Data excerpt —
_ _ _ _ _ _ _
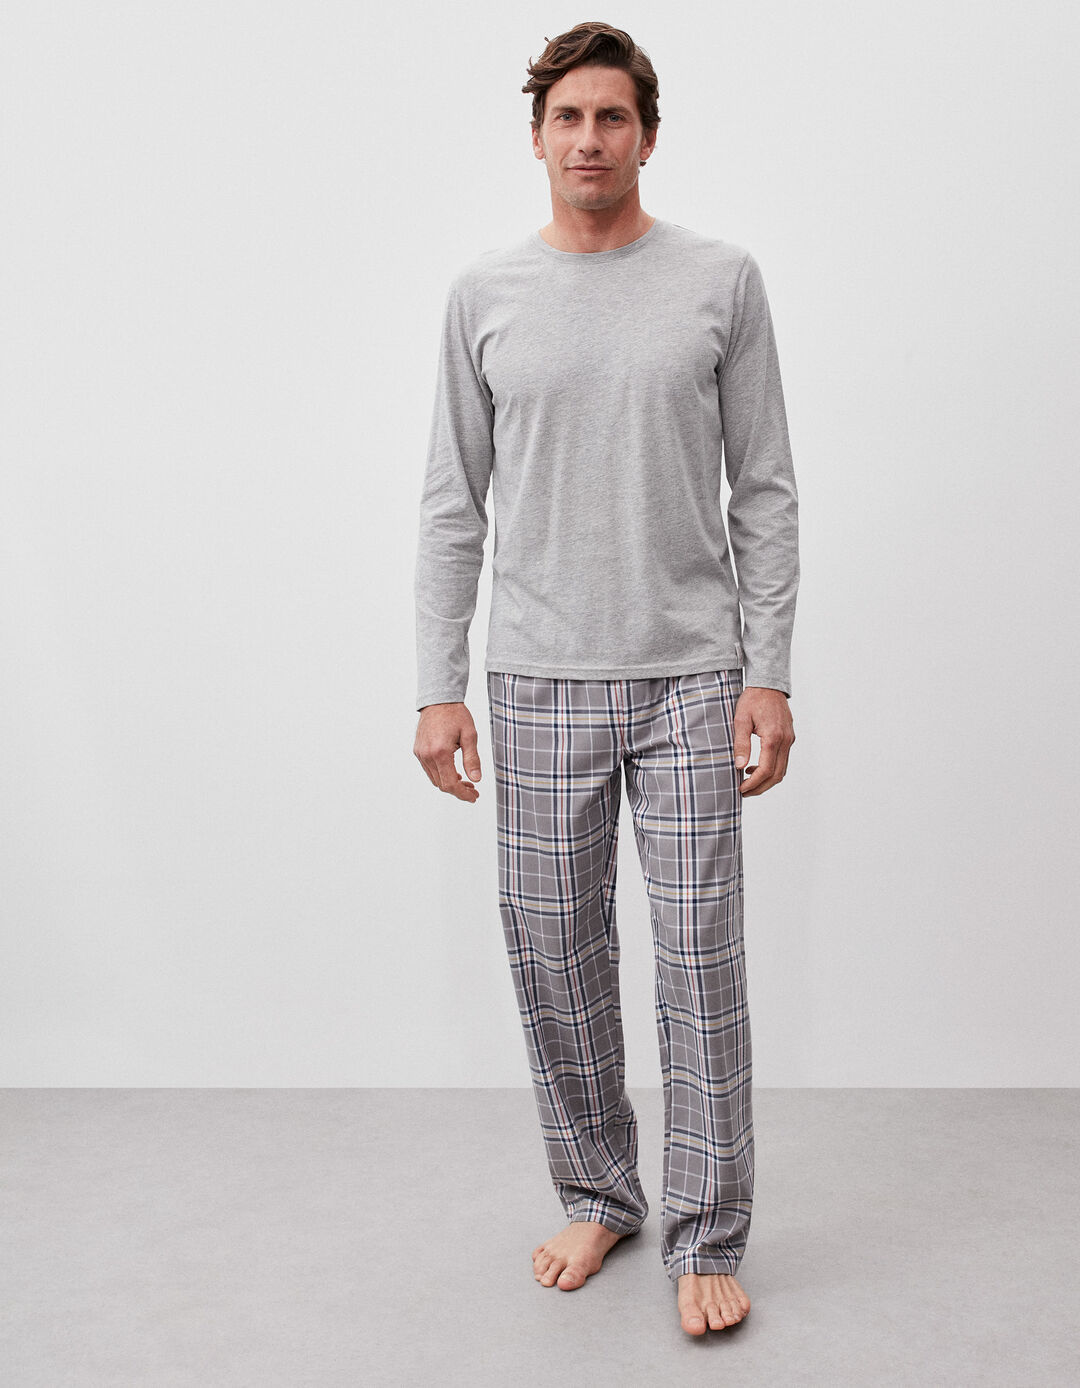 Plaid Pajamas, Men, Gray
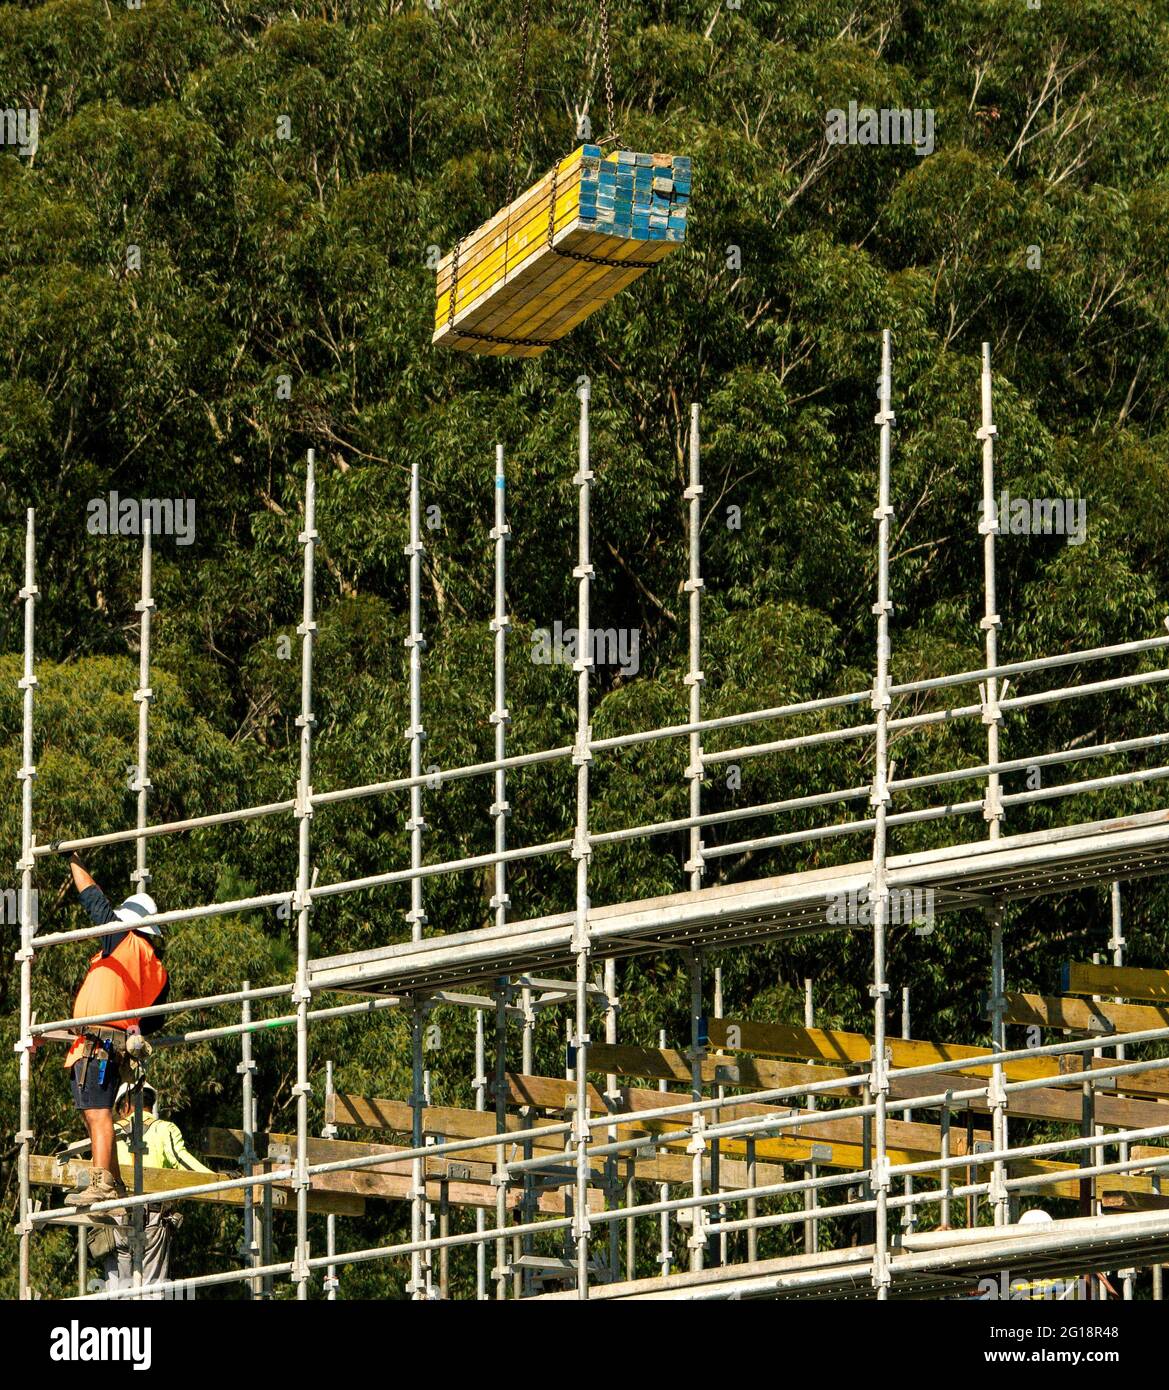 19 aprile 2021. Lavoratori che installano impalcature e casseforme di pavimento in cemento di legno su nuove unità domestiche sviluppo a 56-58 Beane St. Gosford.Australia. Foto Stock
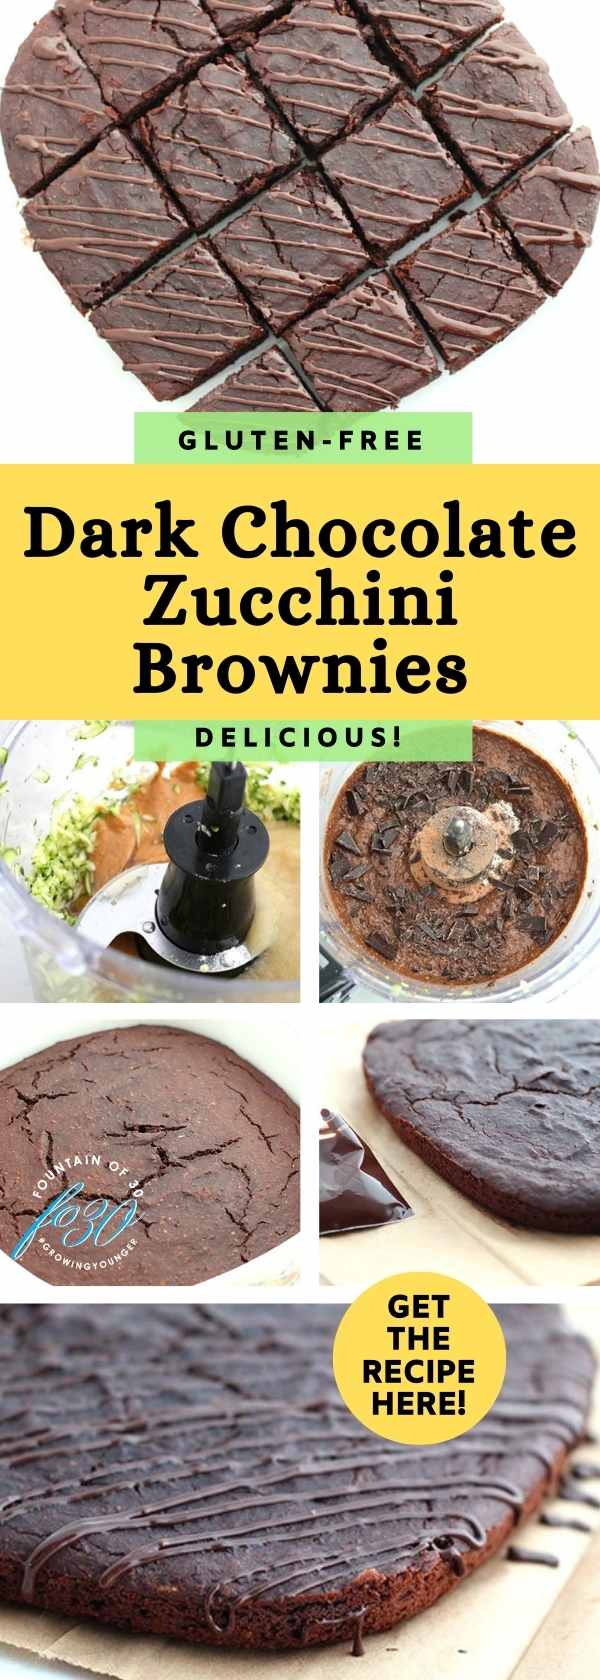 Gluten Free Zucchini Brownies fountainof30
_ _ _ _ _ _ _
What you are asked to do —
Word for word, reproduce all the data, but not the pictures.

Result —
 Plaid Pajamas, Men, Gray
 19 aprile 2021. Lavoratori che installano impalcature e casseforme di pavimento in cemento di legno su nuove unità domestiche sviluppo a 56-58 Beane St. Gosford.Australia. Foto Stock
 Gluten Free Zucchini Brownies fountainof30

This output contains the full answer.